**** Provided records ****

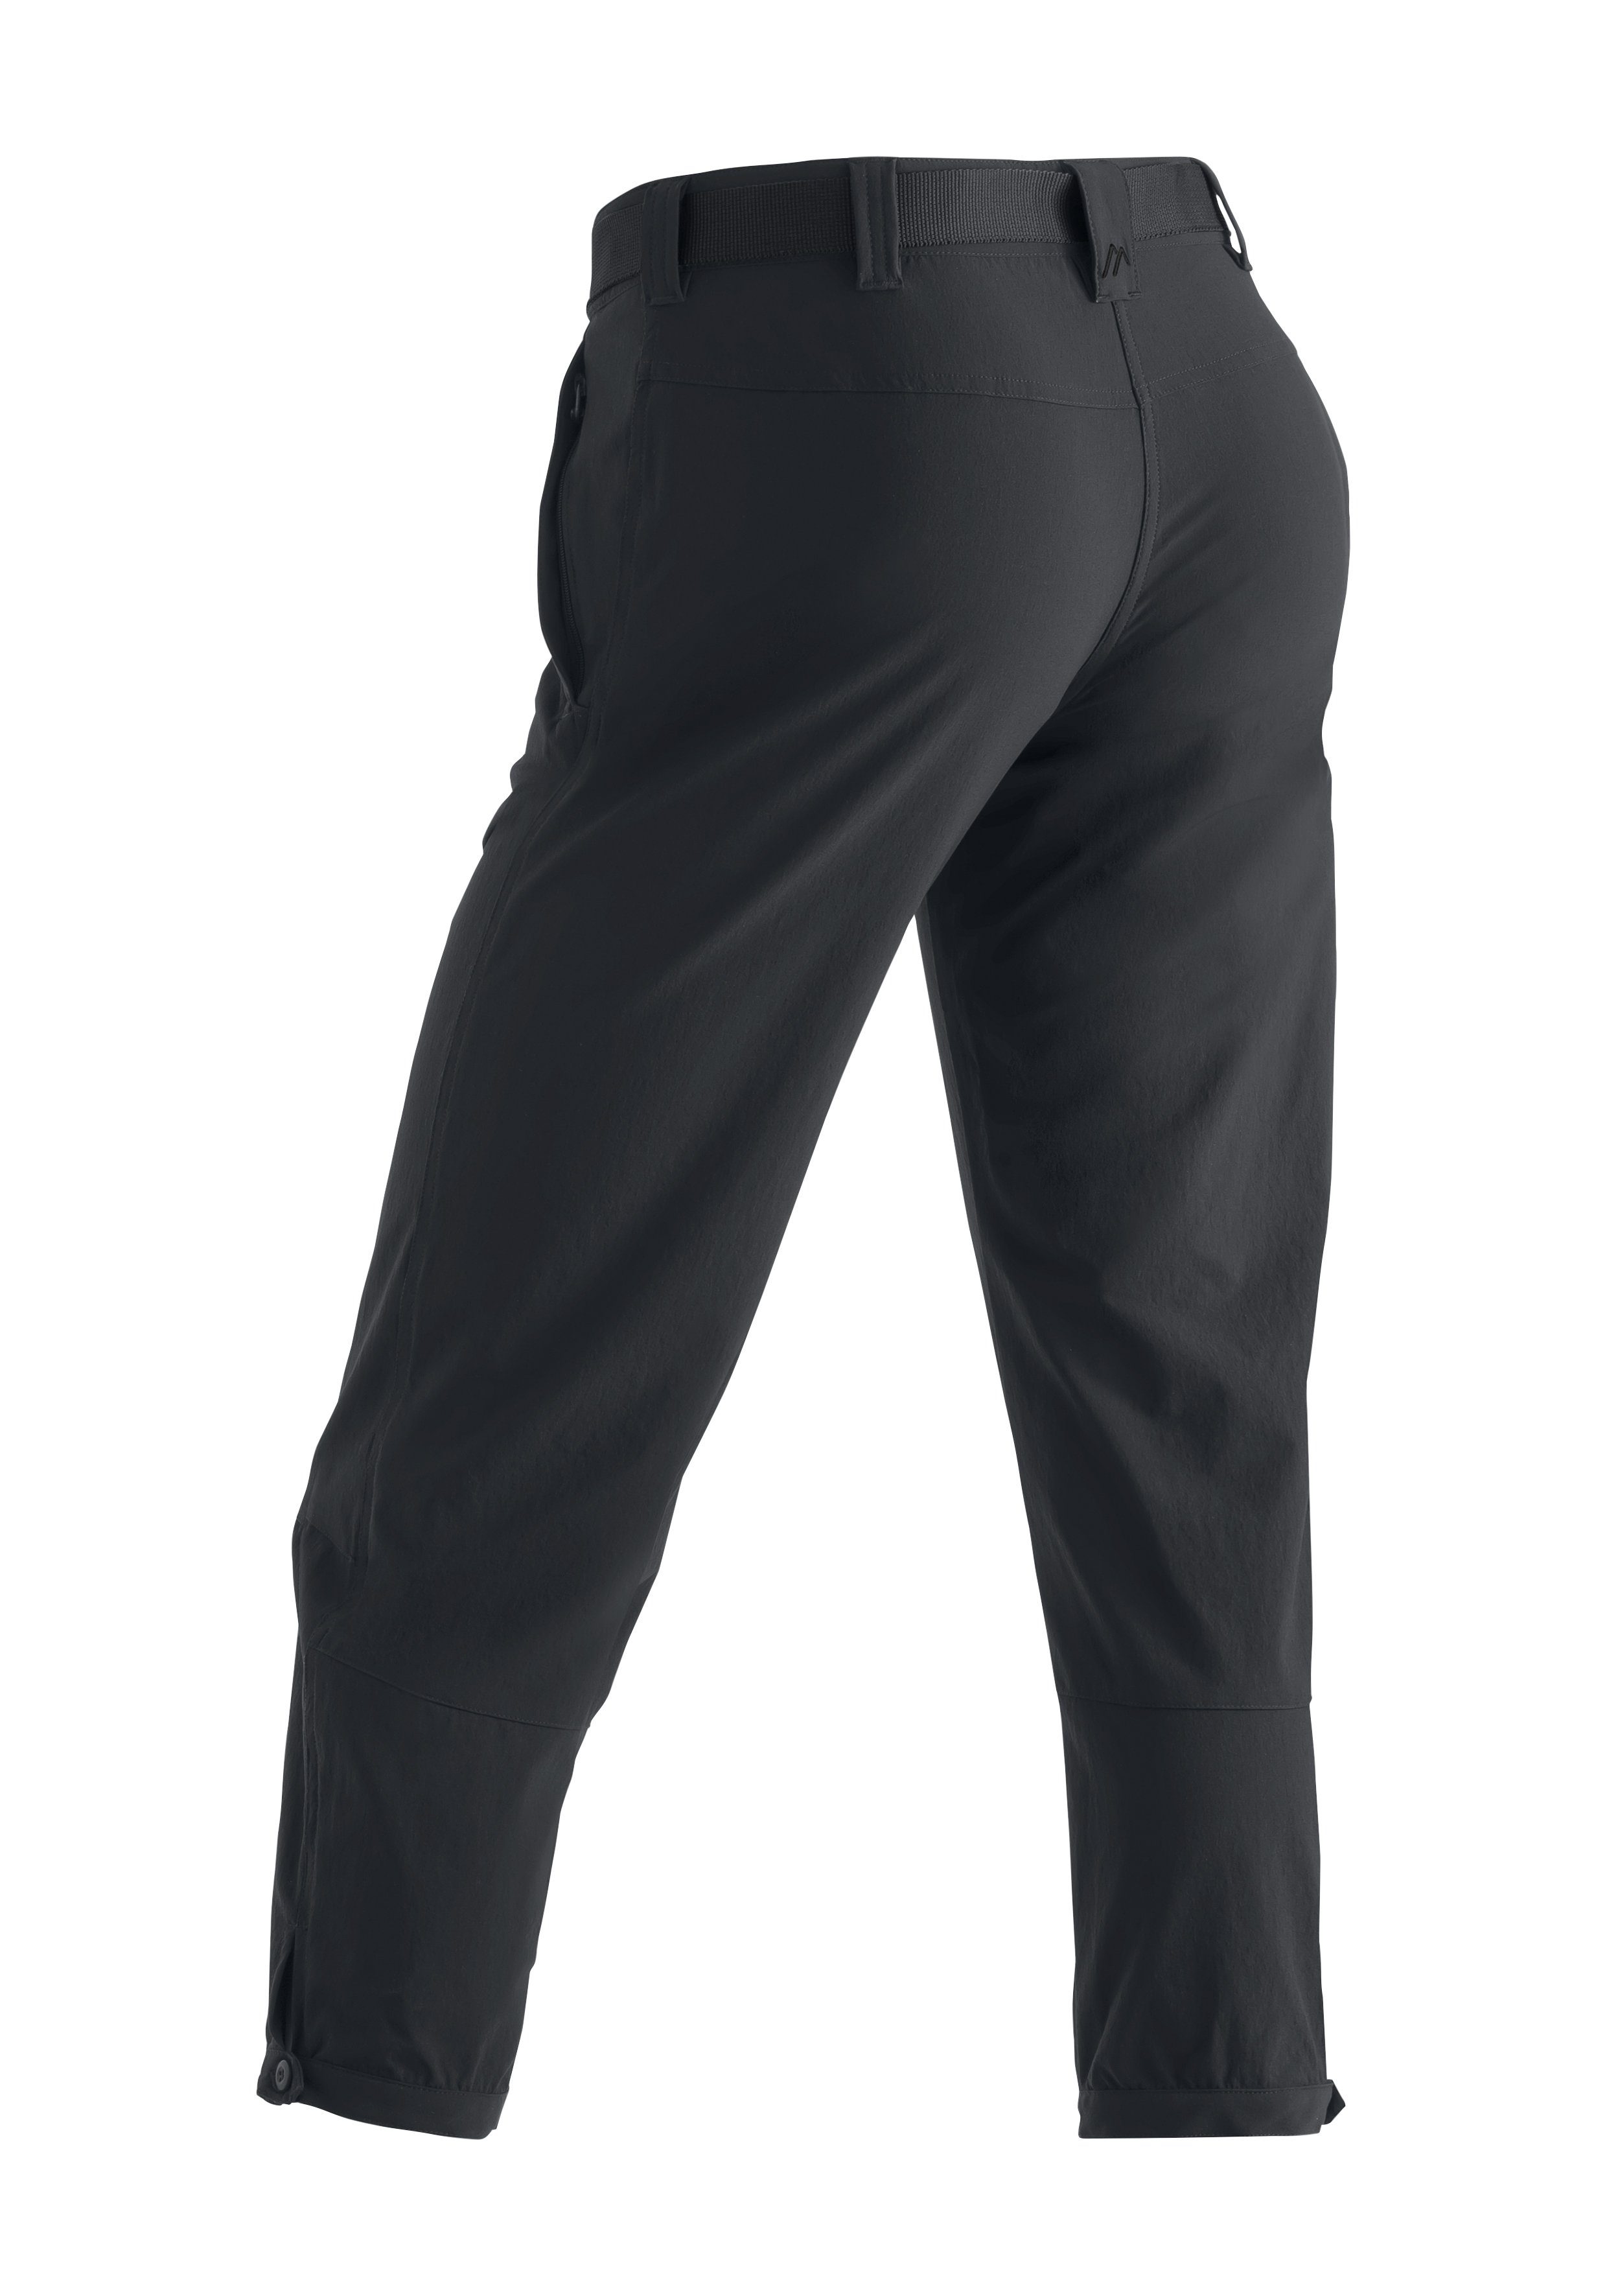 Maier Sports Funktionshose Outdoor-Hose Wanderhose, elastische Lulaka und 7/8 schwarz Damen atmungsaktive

****
**** Provided records ****

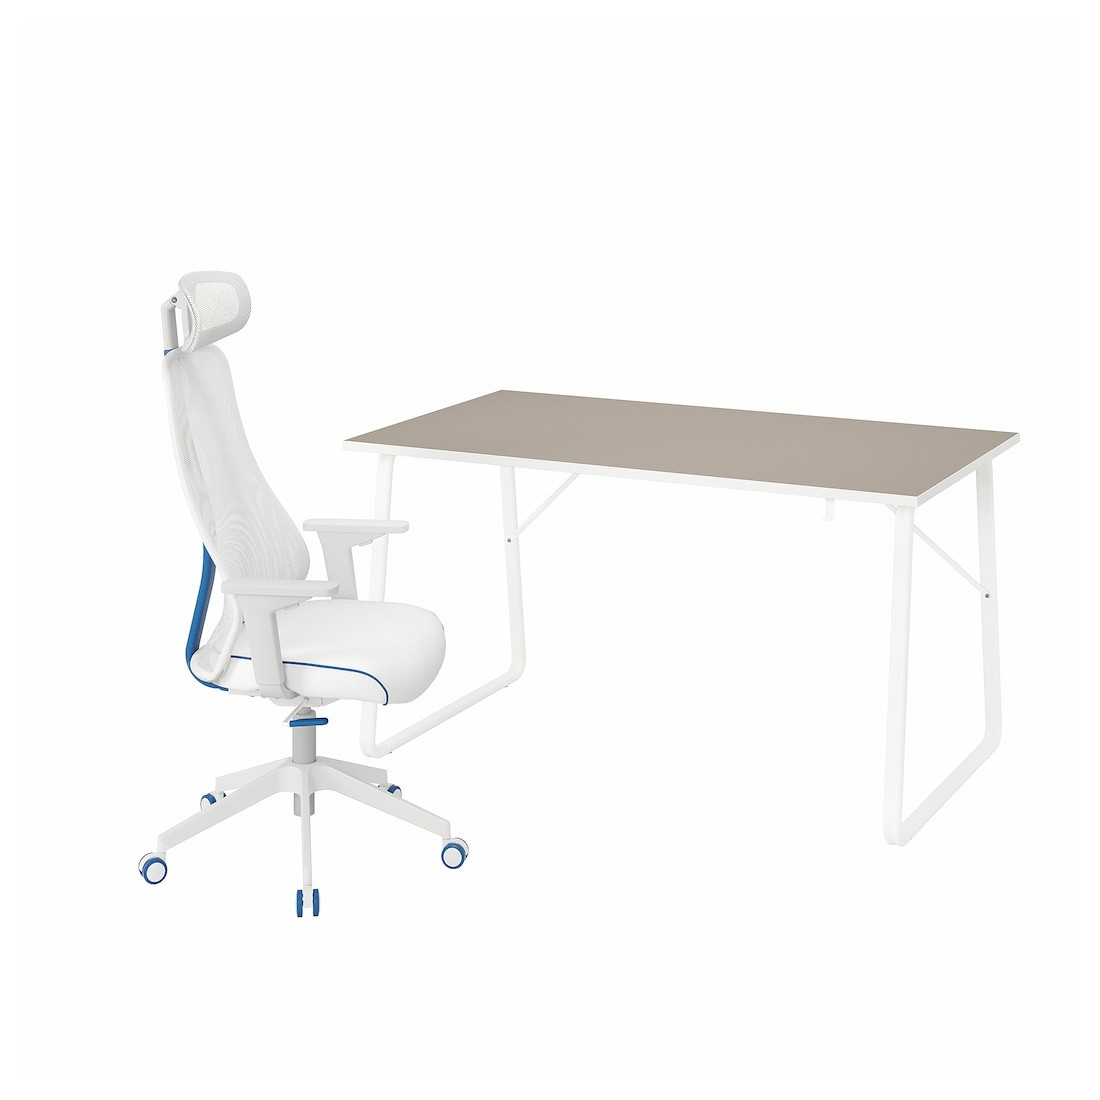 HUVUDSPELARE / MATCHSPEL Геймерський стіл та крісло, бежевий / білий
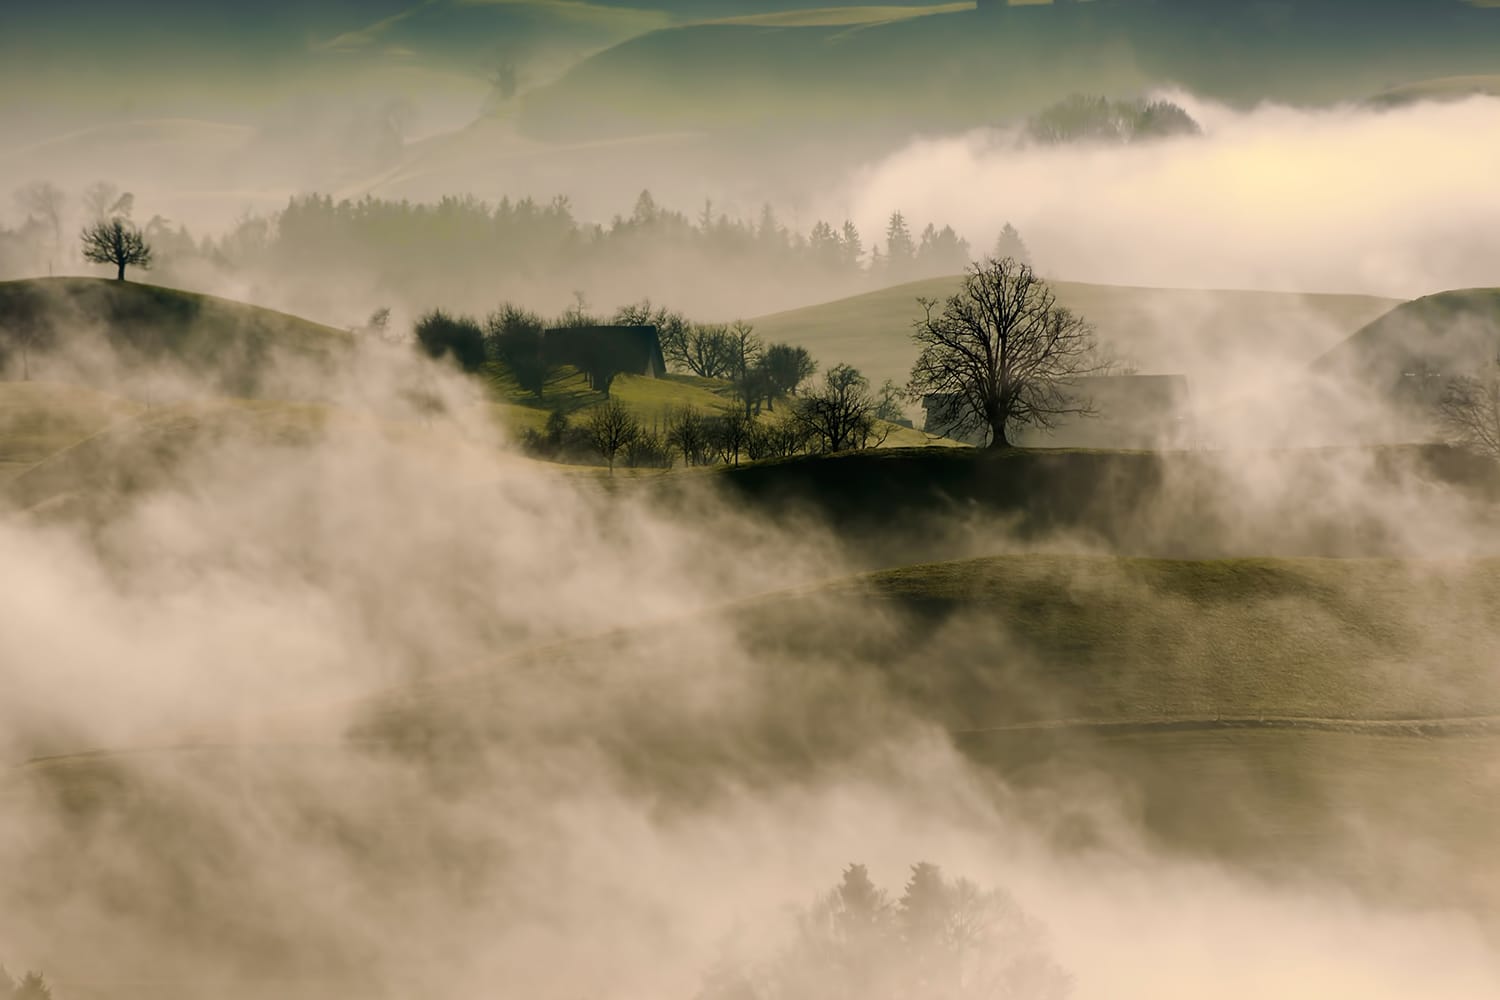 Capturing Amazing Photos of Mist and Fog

****

◆ **What you need to do**: Both boundary lines included, write out word for word only the lines above from the one containing "HUVUDSPELARE / MATCHSPEL" to the one containing "Capturing Amazing Photos of Mist and Fog", leaving out any pictures.

◆ **Result of this task**:
 HUVUDSPELARE / MATCHSPEL Геймерський стіл та крісло, бежевий / білий
 Capturing Amazing Photos of Mist and Fog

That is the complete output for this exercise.